Once the streetcar line looped around Council Crest in 1906, it became a far less remote destination and almost immediately plans began to be formulated as to how the site could be commercially exploited. Some called for it to become a city park, while others wanted to build a grand summer hotel at the summit.
In March 1907, promoter Arthur Duchamp took down the observatory tower that he had operated on Portland Heights during the Lewis & Clark Exposition and rebuilt it on Council Crest, along with a photography studio and cafe. By July 1907, a dance pavilion had also been constructed. Mr.

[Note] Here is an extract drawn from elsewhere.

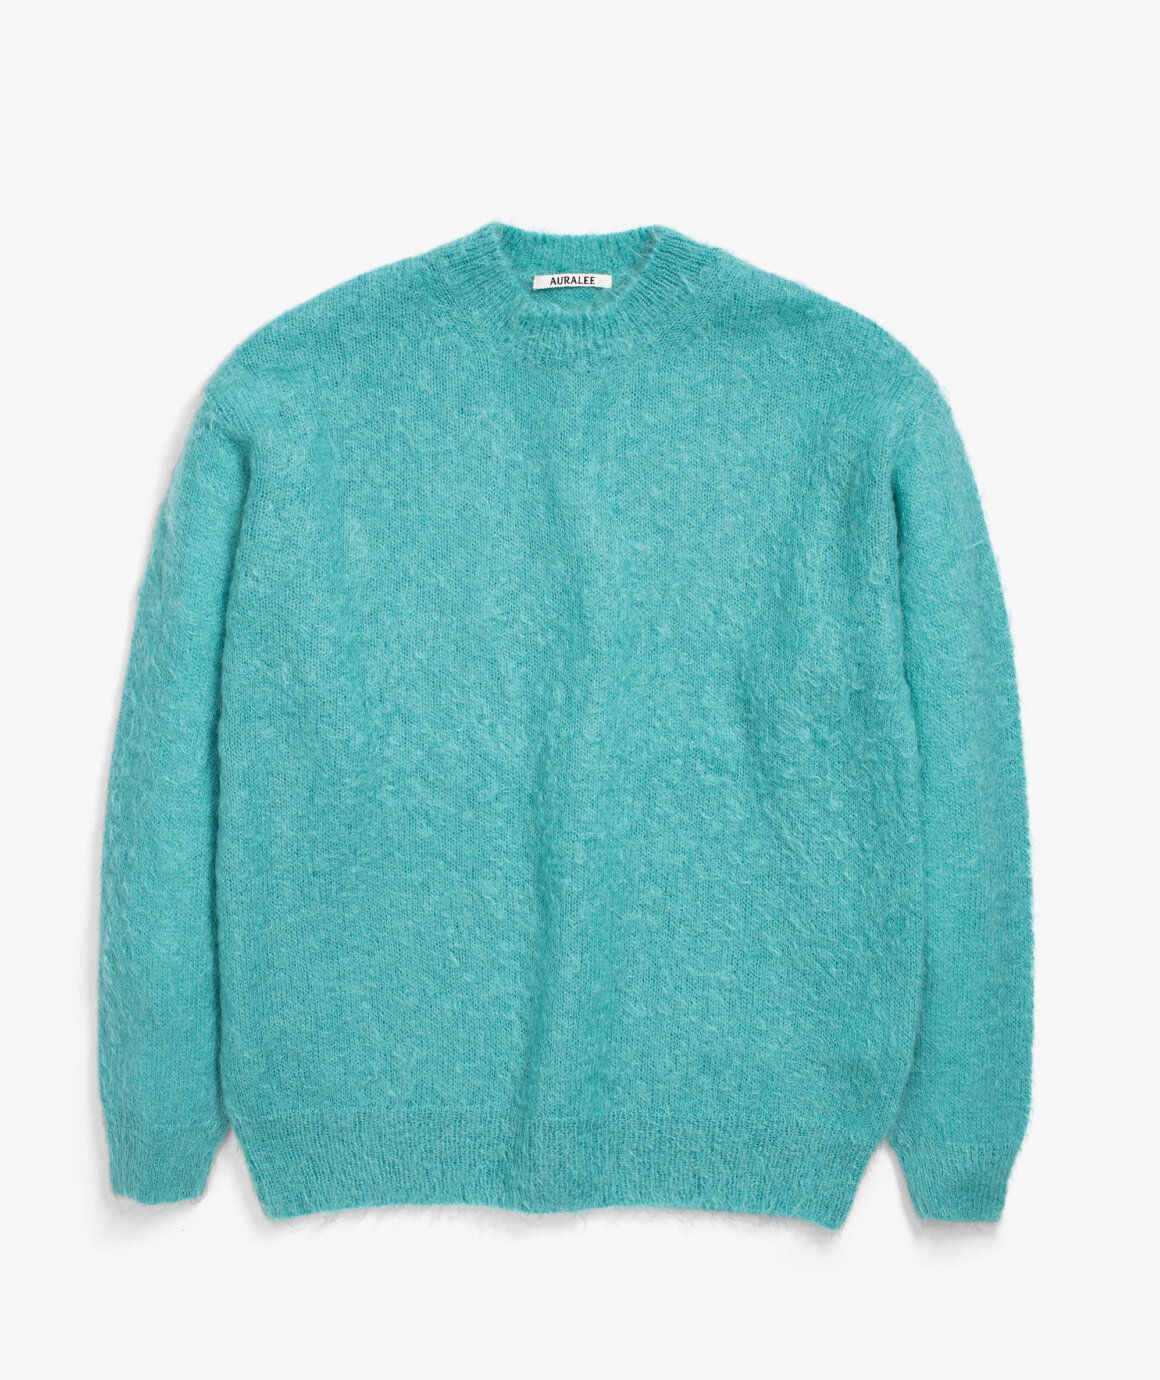 Norse Store | Shipping Worldwide - Auralee BRUSHED SUPER KID MOHAIR ...

Duchamp took out a 20-year lease on the site in January 1908 with the aim of improving it further and providing additional attractions – by May 1909, this had become a fully-fledged amusement park with observatory, carousel, scenic railway (an early roller coaster) and flume ride among other attractions.
Disaster struck immediately, however: a car on the scenic railway overturned on the first day of operation, injuring eight passengers. The Portland Railway, Light & Power Company felt the need to clarify that the incident had not occurred on the Council Crest streetcar line, often referred to in publicity as the “scenic line,” as opposed to the amusement park’s “scenic railway.”
Mr. Duchamp had an antagonistic relationship with the City Council, battling with them over undesirables causing trouble in and around the park, license fees to be paid to the city, and whether or not the park should be permitted to have a dance pavilion (as dancing was often seen as “immoral”). His license was revoked and then restored more than once, and the city also threatened to just take over the site as a city park.
Despite these underlying troubles, the park was popular, with more than 40,000 visitors a week in the summer of 1912. Mr. Duchamp renewed and added to the attractions at the park over the years – there was briefly even an ice skating rink in 1911, though this seems to have quickly become a roller skating rink as that craze swept the nation.